#### EXERCISE INSTRUCTIONS:
Return all of the data exactly, omitting any images.

#### INPUT DATA:
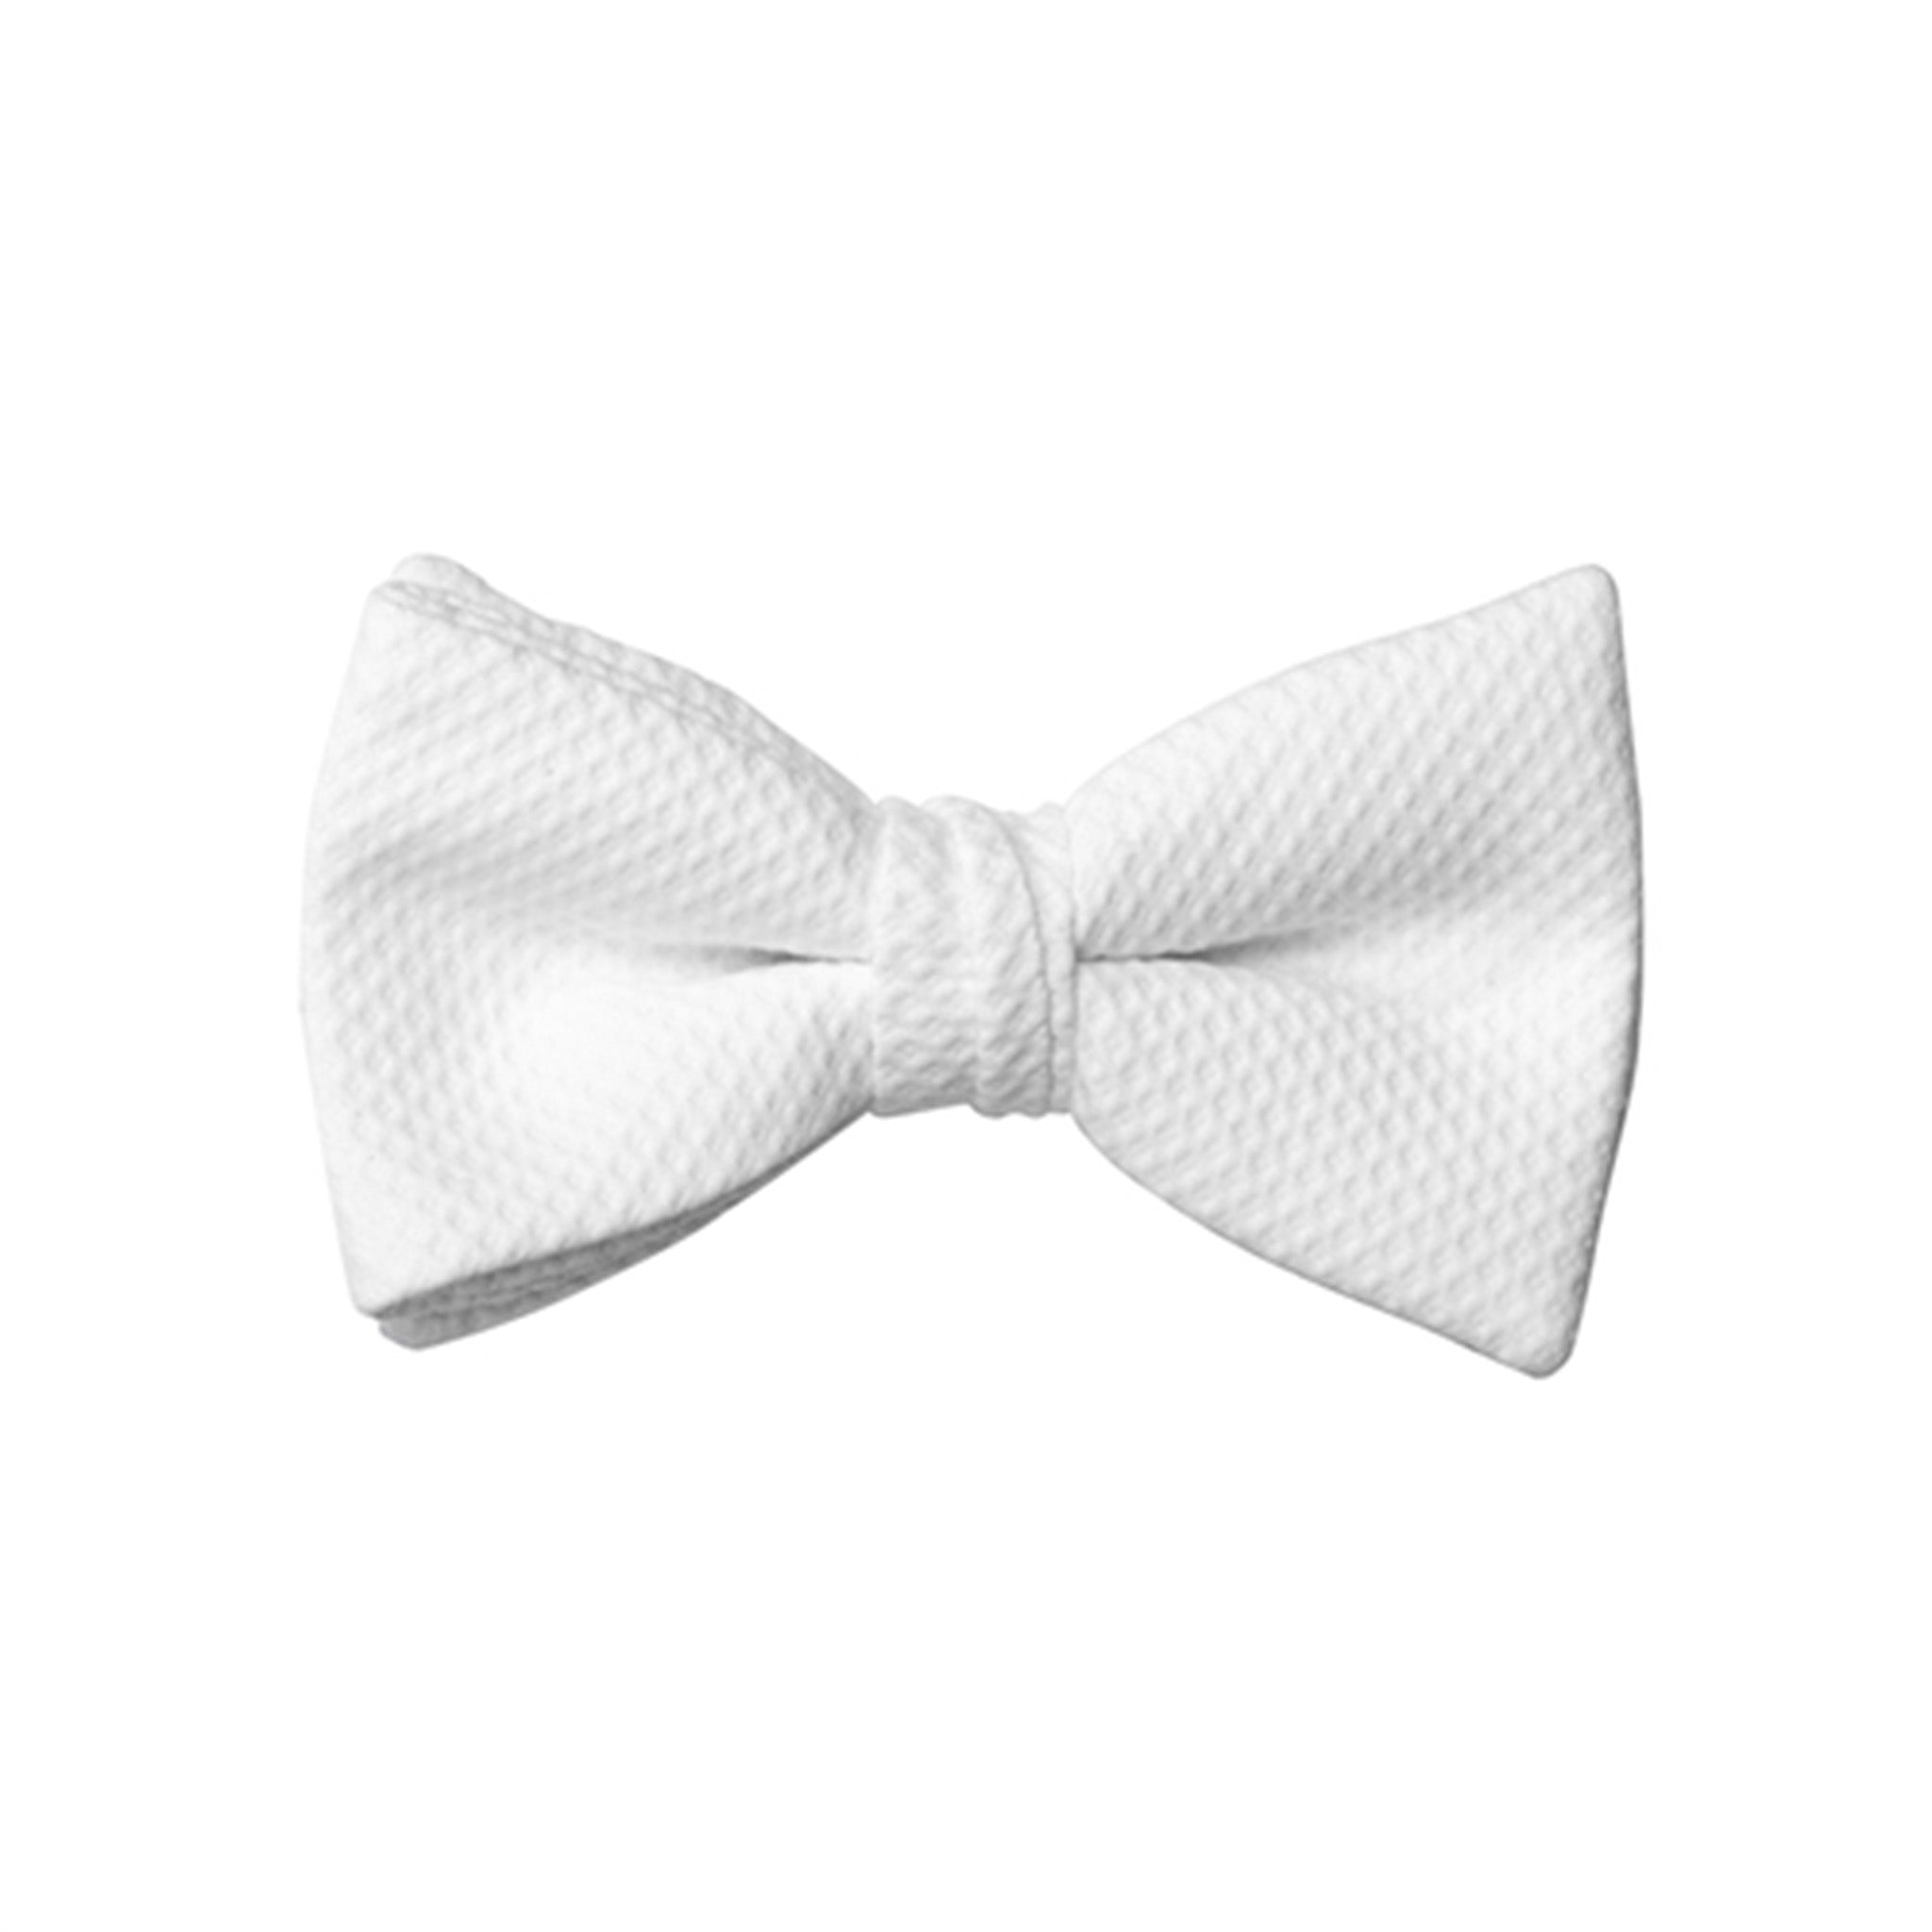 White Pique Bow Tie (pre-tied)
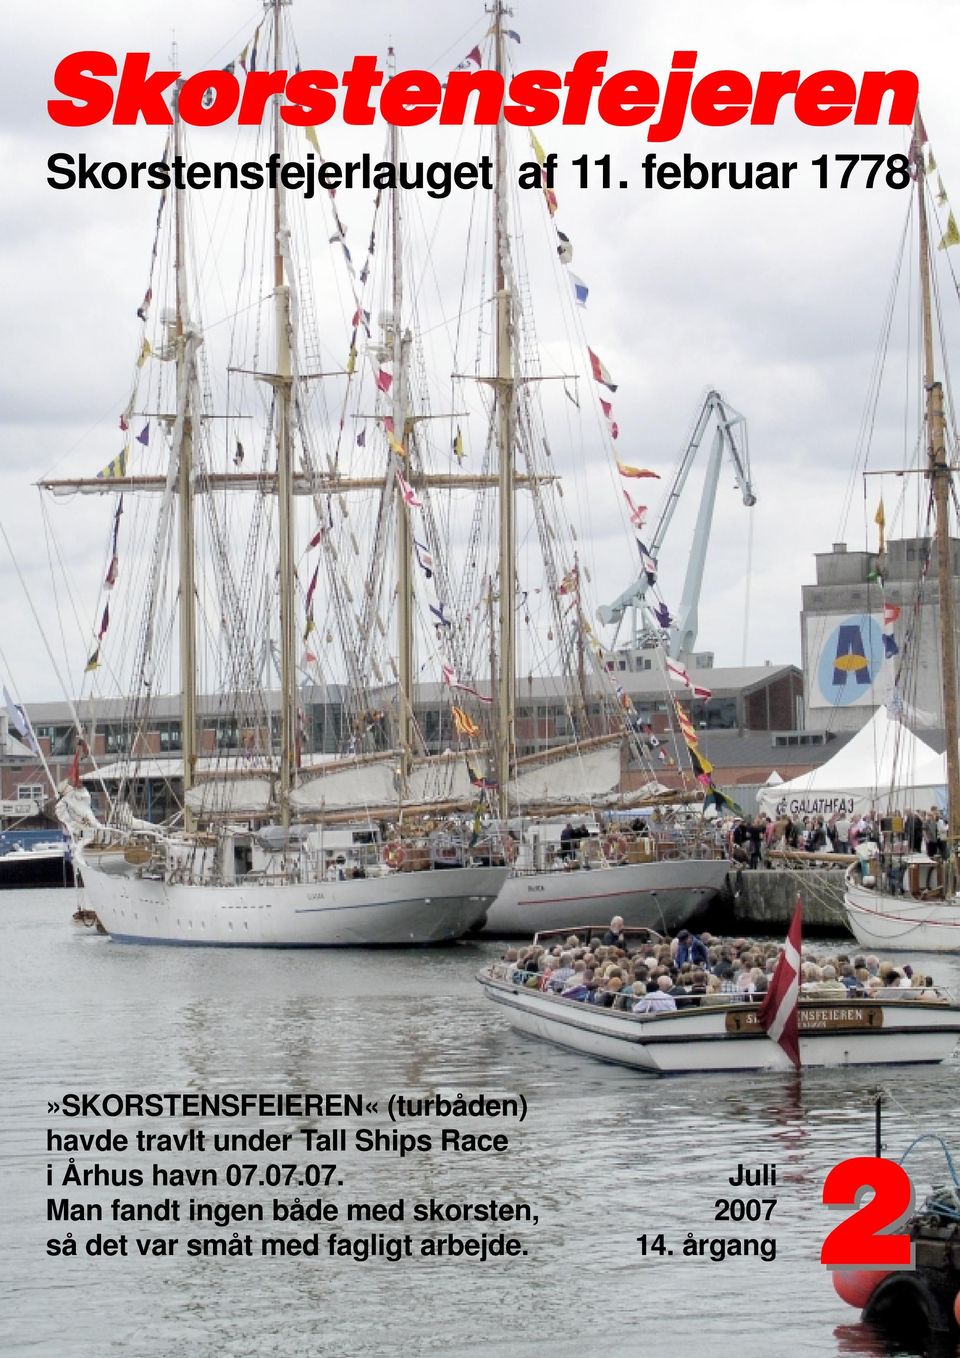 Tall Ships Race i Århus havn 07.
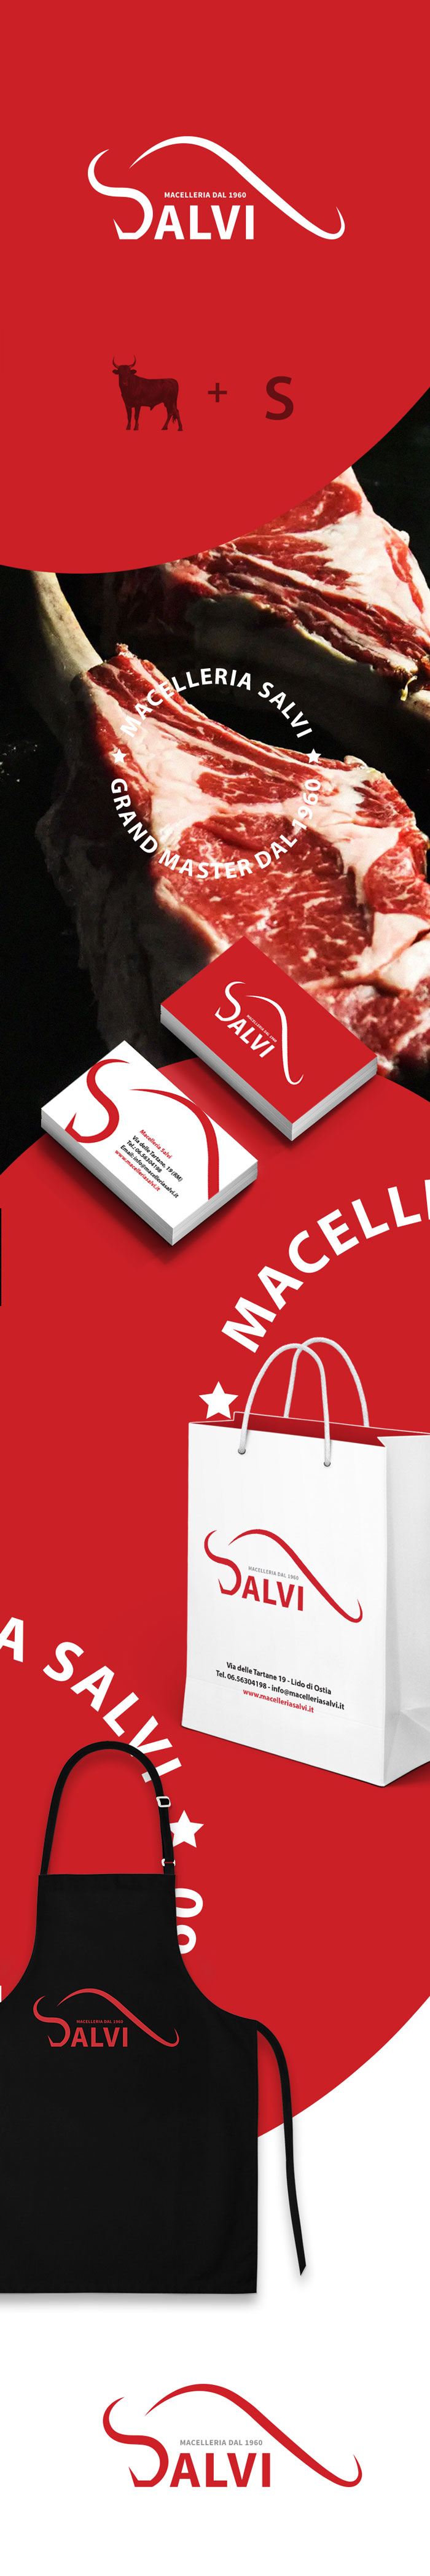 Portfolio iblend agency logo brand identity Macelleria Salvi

#### RESPONSE TO THIS EXERCISE:
 White Pique Bow Tie (pre-tied)
 Tall Ships Race i Århus havn 07.
 Portfolio iblend agency logo brand identity Macelleria Salvi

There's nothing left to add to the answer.